I've been thinking about why there are two indexes, $i$ and $n$. 
My question is:
does it make sense to have 2 indexes? Or should it be 
$$\lim_{i \rightarrow \infty}  ((0, \dots, a_i, \dots, 0))_i $$ 
instead of 
$$\lim_{i \rightarrow \infty}  ((0, \dots, a_n, \dots, 0))_i $$?
My thought have led me to the conclusion that both make sense and that the claim is true for both. Am I right?
Many thanks for your help!
 A: 'Weak topology' has more than one meaning; is your $\mathbb R^\infty$ the space of sequences in $\mathbb R^\omega$ that are eventually $0$, topologized so that $U \subseteq \mathbb R^\infty$ is open iff each $U \cap \mathbb R^n$ is open in $\mathbb R^n$, where $\mathbb R^n$ is identified with $\{(x_i:i \in \omega) : \forall i \ge n (x_i = 0)\}$? If so, I can interpret $(0,\dots, a_n,\dots,0)$ as a sloppy notation for a sequence $(a_0,a_1,\dots)$ in which at most the term $a_n \ne 0$. I still don't see any reasonable interpretation of the original doubly-indexed version, but the singly-indexed version can be understood in several ways. Perhaps the most straightforward is as follows.
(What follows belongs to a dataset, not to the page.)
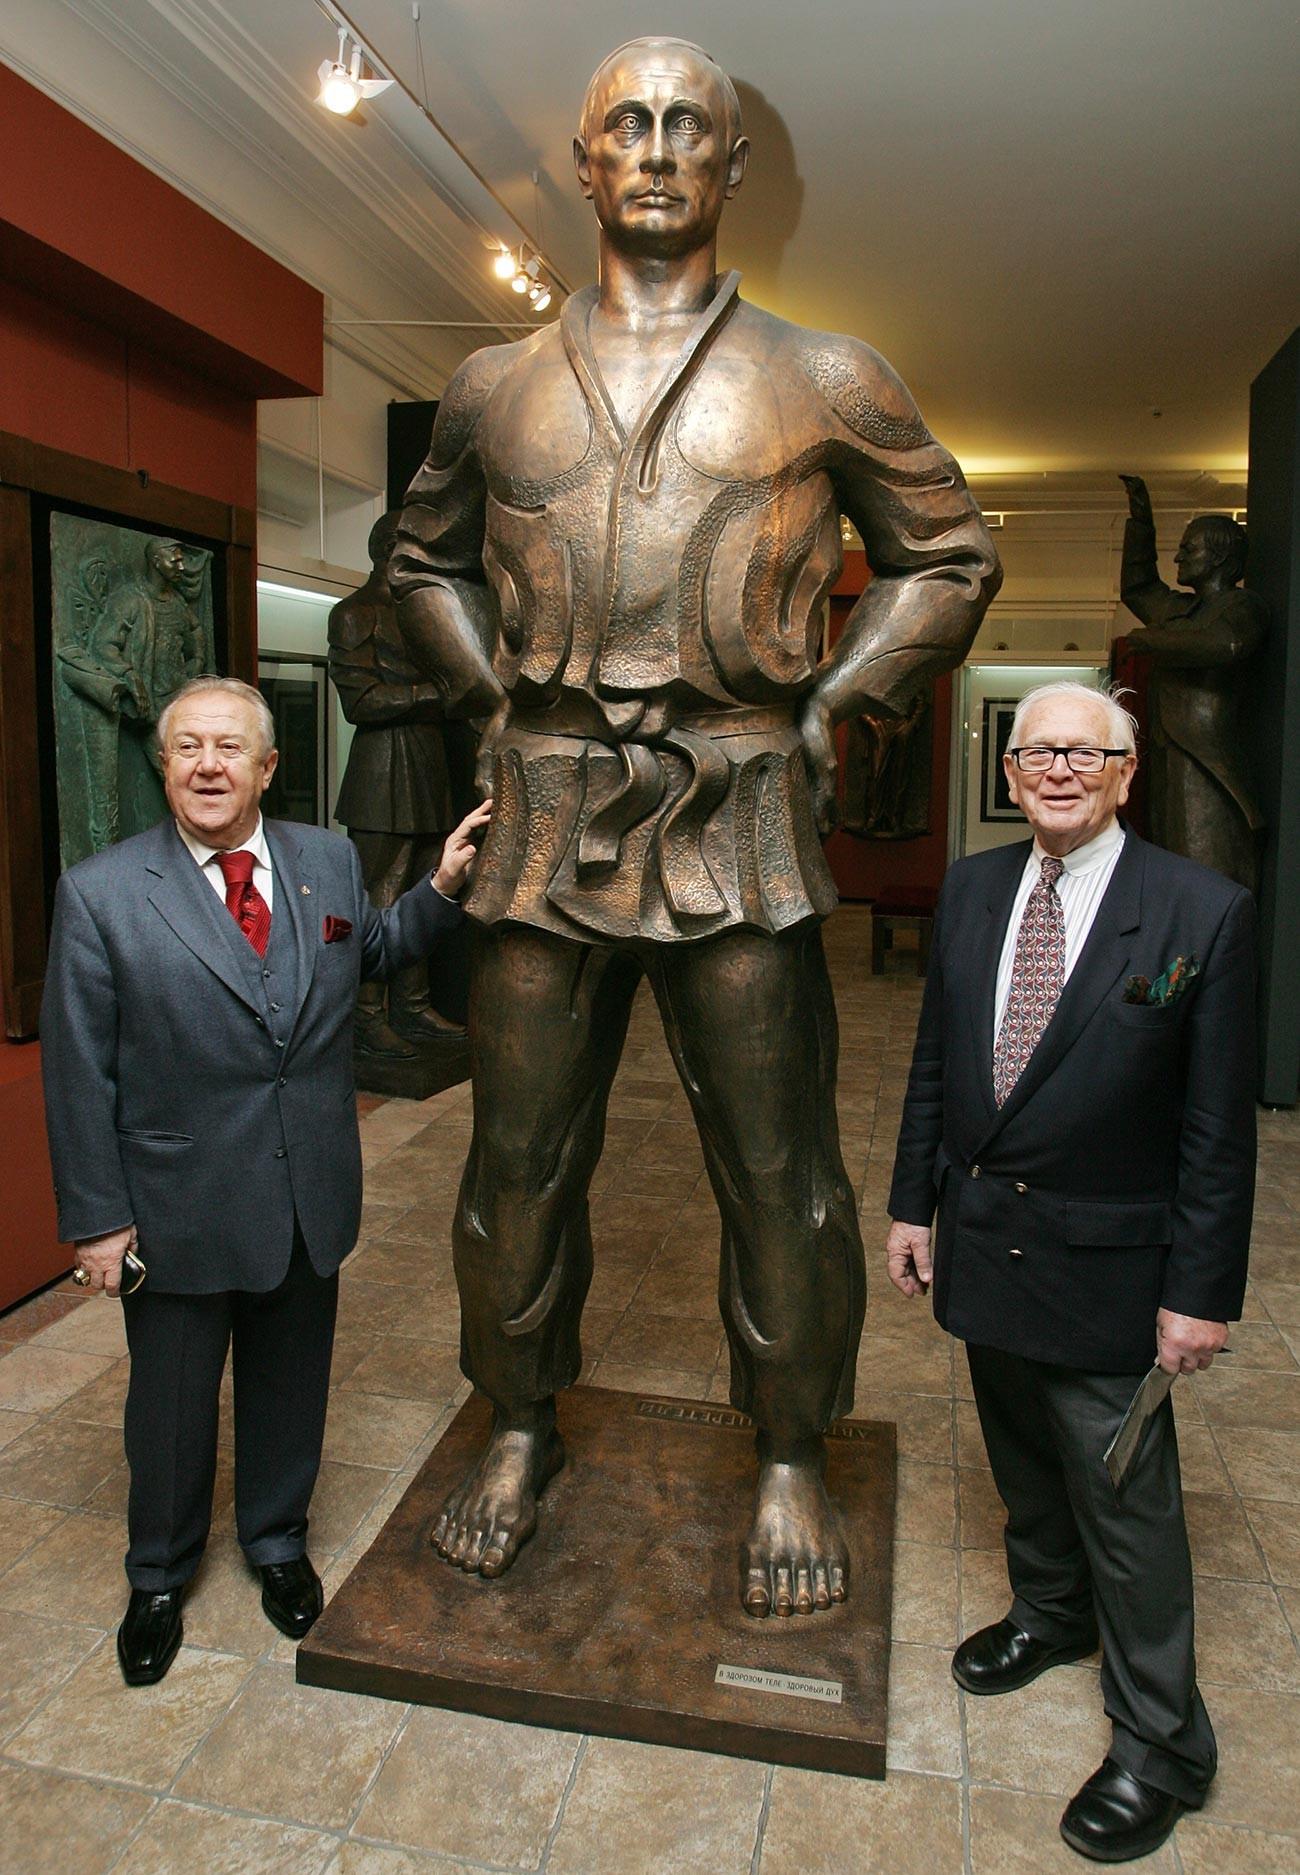 Russian sculptor Zurab Tsereteli, his statue of Vladimir Putin, and Pierre Cardin. Tsereteli awarded Cardin honorary membership into the  the Russian Academy of Arts, 2008

For $n \in \omega$ let $\alpha_n = (a^n_i:i \in \omega) \in \mathbb R^\infty$. Suppose further that for each $n \in \omega$ there is an index $\iota(n) \in \omega$ such that $a^n_i = 0$ whenever $i \neq \iota(n)$. The claim would then be that if $(\alpha_n:n \in \omega)$ converges, then $a^n_{\iota(n)} = 0$ for all sufficiently large $n$. On this interpretation the claim is false: just take $\alpha_n = (1,0,0,\dots)$ for all $n$.
In the special case in which the range of the function $\iota$ is infinite, however, the result is correct. Suppose that $(\alpha_n:n \in \omega)$ converges; clearly the limit must be the zero sequence $\zeta = (0,0,\dots)$. If the $a^n_{\iota(n)}$ are not eventually $0$, there is an infinite $I \subseteq \omega$ such that $\iota \restriction I$ is 1-1 and $\forall n \in I (a^n_{\iota(n)} \ne 0)$. Let $U = \{(x_n:n \in \omega) \in \mathbb R^\infty: \forall n \in I(|x_n| < |a^n_{\iota(n)}|)\}$; $U$ is an open nbhd of $\zeta$, but $\forall n \in I(\alpha_n \notin U)$, $\rightarrow\leftarrow$.
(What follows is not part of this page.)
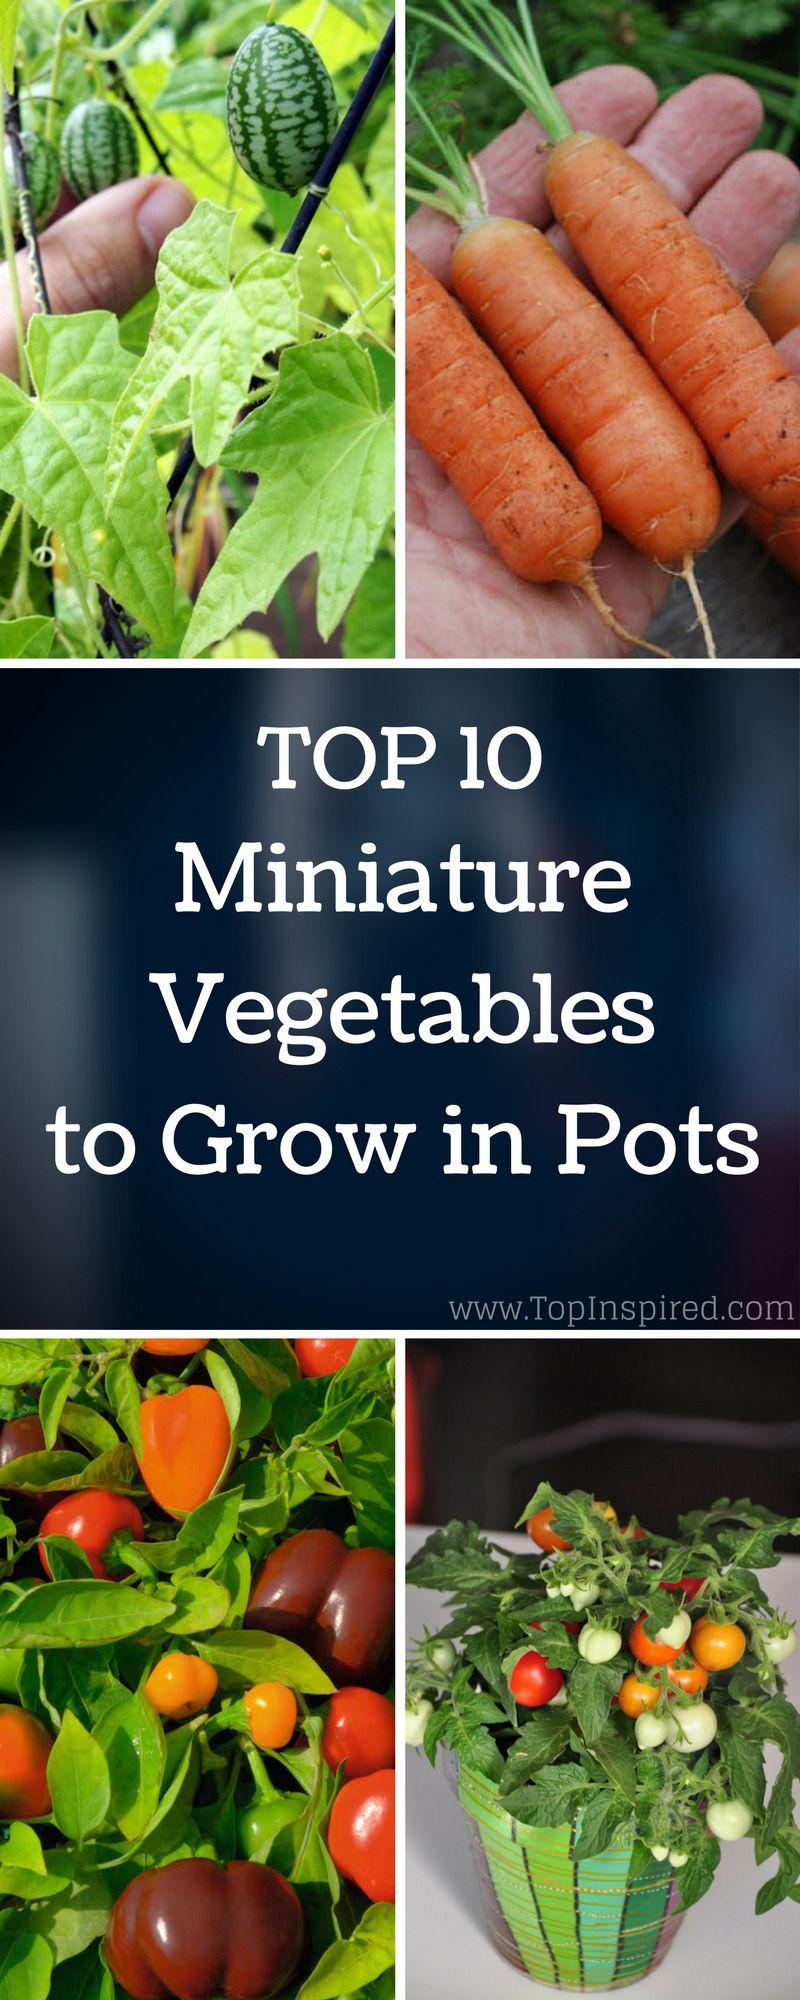 Top 10 Miniature Vegetables To Grow In Pots Growing 640 x 480

A: Your notation is a little sloppy in the first place, writing $\mathbb R^{\infty} = \bigcup_{n \ge 1} \mathbb R^n$ means that an element of $\mathbb R^{\infty}$, as defined in this manner, must be in one of the $\mathbb R^n$ for some $n$ ; it doesn't make sense to speak of convergence in such a space, which to be honest must not have a very nice topology, whatever the "weak topology" term you used meant in that sentence. (I know what a weak topology is, but I don't think what you wrote was what you actually meant... )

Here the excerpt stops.